El gélido mando, de Richard Morgan

El gélido mandoSupongo que recordarán Sólo el acero, la novela de Richard Morgan que abría la trilogía Tierra de héroes. Allá por 2012 Alamut publicó la primera entrega y no editó las dos siguientes hasta 2017, ya mediante una de sus suscripciones para minimizar riesgos y a través de las cuales los fieles obtenemos alguna pequeña regalía. Si le añaden otro par de años para que la acción conjunta del capricho y el sentimiento de culpa de gastar dinero en papel que después no leo, entenderán por qué no llegué a El gélido mando hasta verano de 2019. Con un lapso de, se escribe pronto, siete años respecto a Sólo el acero (al que se suma otro para publicar este texto). Obviamente, me las vi y me las deseé para volver a entrar en el mundo. No tanto en las historias personales de sus tres protagonistas, más o menos claras, como para empaparme de nuevo en los pormenores geográficos, culturales, jerárquicos inexcusables en la fantasía medievaloide. Un grado de detalle al que, comparando con otras obras y autores, tampoco Morgan imprime una excesiva complejidad respecto al libro anterior. Esa escenografía, el «uolbilding» fuente de «looooor«, sacrosanto en la recepción de la fantasía y la ciencia ficción contemporáneas, conlleva unas labores de albañilería y alicatado cuya consecuencia más apreciable suele ser el formato trilogía, pentalogía… ene-logía. Ya sea para extraer el mayor rendimiento posible a ese esfuerzo de diseño; contar una historia con docenas de actores y, a la vez, desplegar ese complejo mundo; pereza… Y que a mi, como lector un poco de vuelta de todo, me suele dejar casi siempre la misma interrogación retórica en los labios. ¿Eran necesarias tantas páginas?
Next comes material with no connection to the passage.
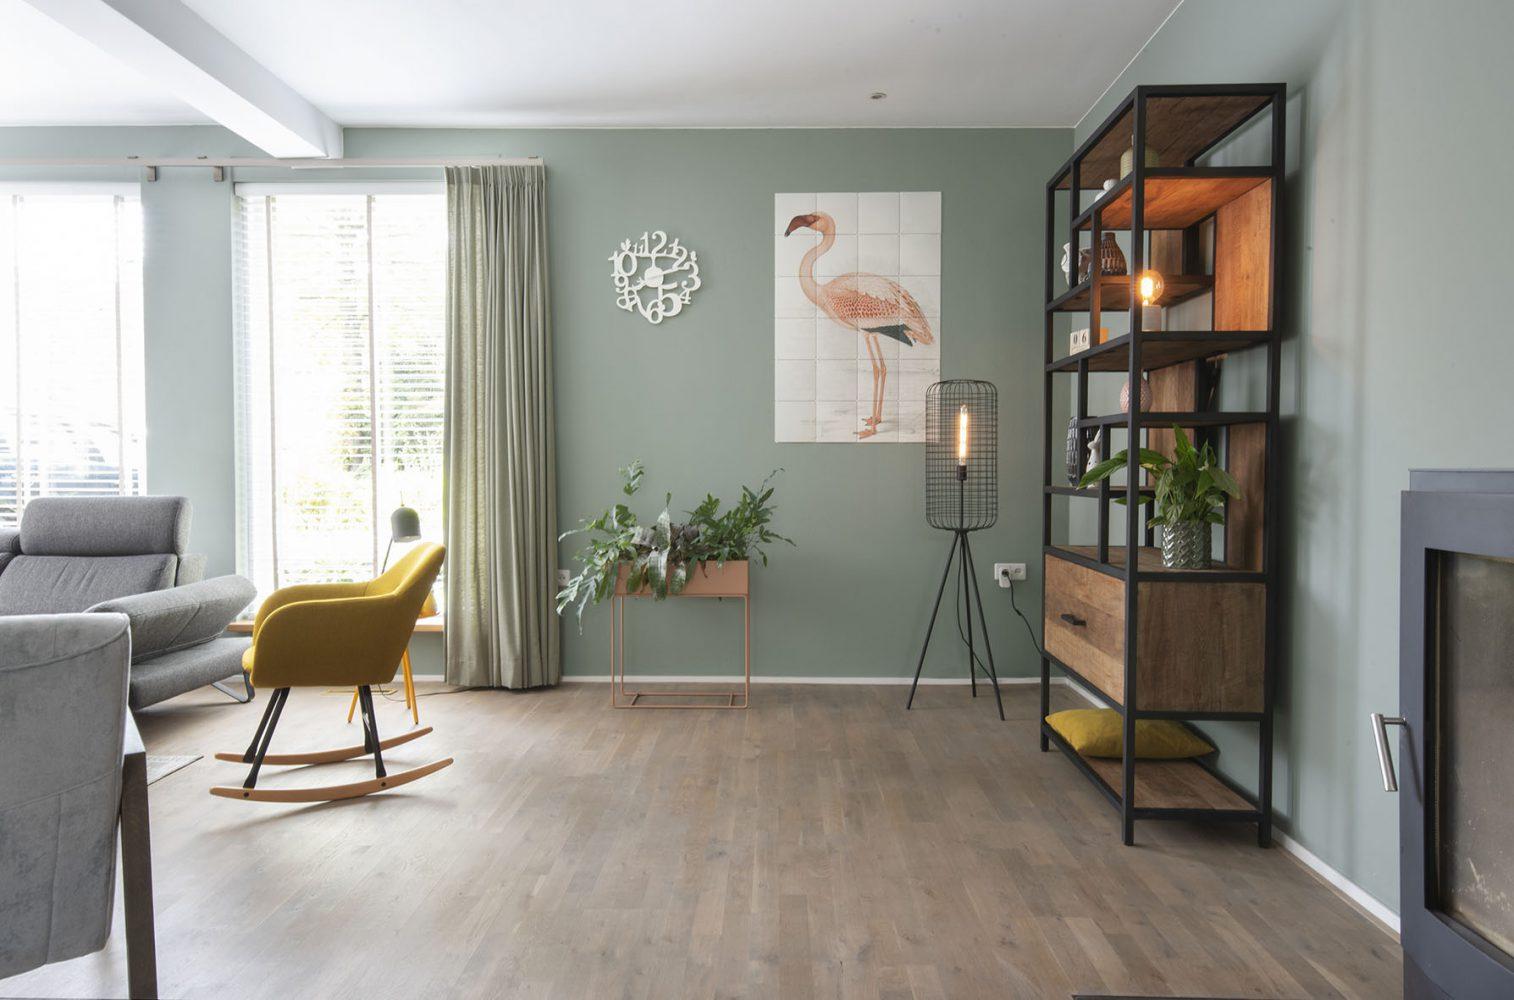 Huiskamer interieuradvies Drunen styling studiok2k binnenhuisarchitect
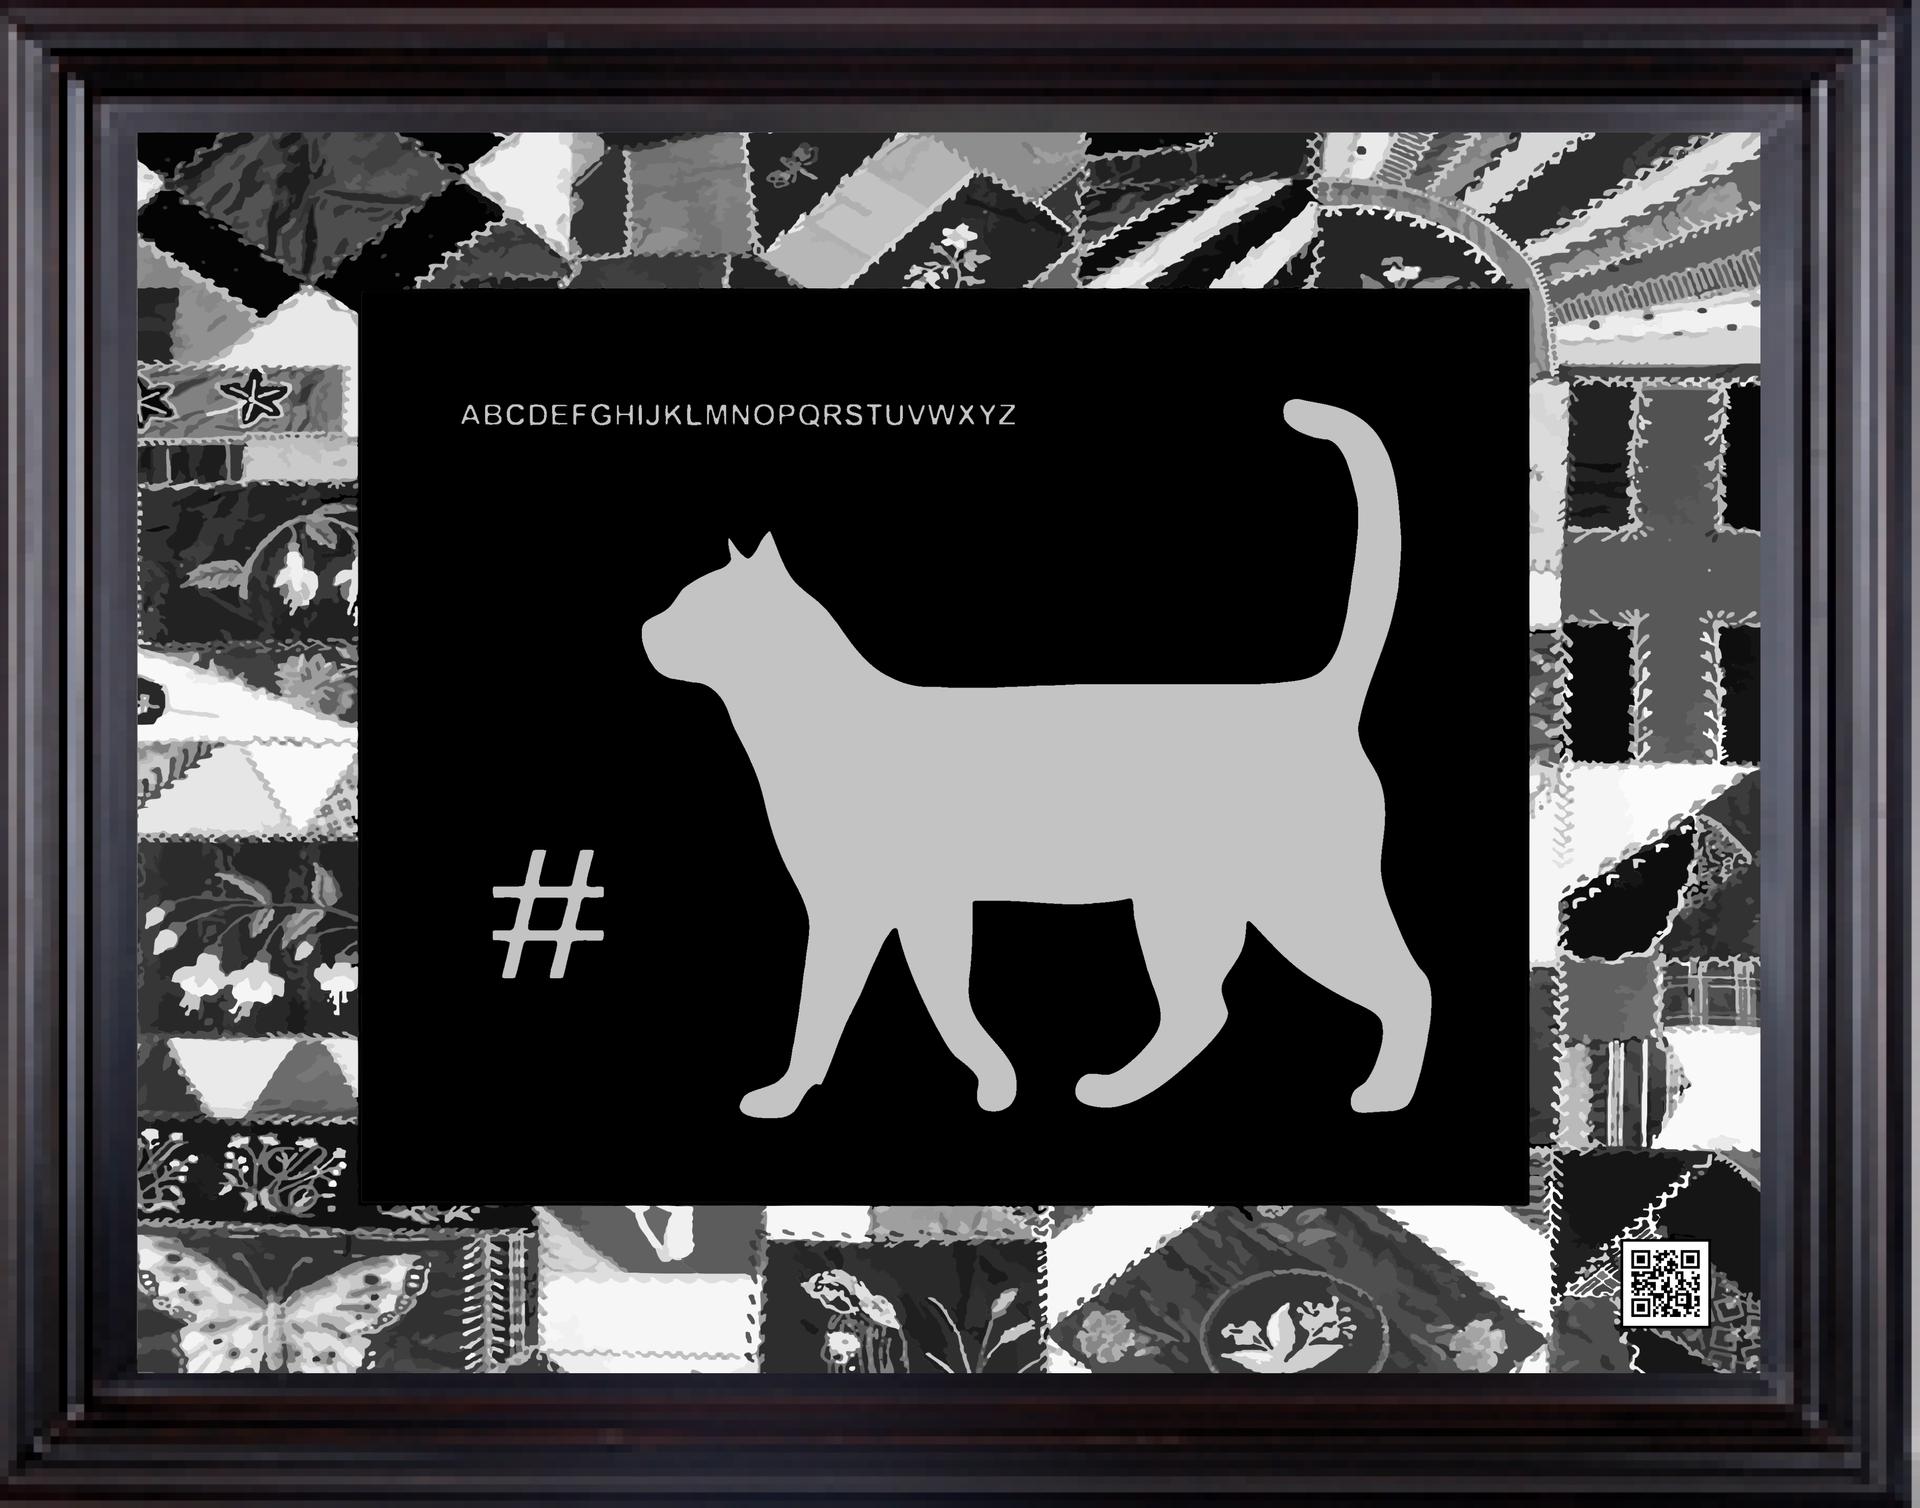 framedcatgray16x20bw1920.png

Suena a boutade, y lo es, pero en Sólo el acero ya estaba el 75% del escenario de este libro. Primero, en mucho de lo que se refiere a dos de sus tres protagonistas. Archeth, la mestiza kiriath, se ve involucrada en una conjura palaciega con amplia presencia del emperador, los frágiles equilibrios de poder en su corte y la llegada de un nuevo timonel, una de las IAs kiriath heraldo del gran fin de fiesta que se intuye para La impía oscuridad. Una amenaza que promete dejar en pañales a las vistas en los dos libros anteriores y, probablemente, a la de la gran guerra contra el Pueblo Escamoso. A su vez, Egar el Matadragones se distingue en una búsqueda relacionada con las intrigas de palacio (y uno de sus líos de faldas), para terminar en un decorado más urbano, entre los callejones, tabernas y fortalezas de Yhelteth, la capital del imperio.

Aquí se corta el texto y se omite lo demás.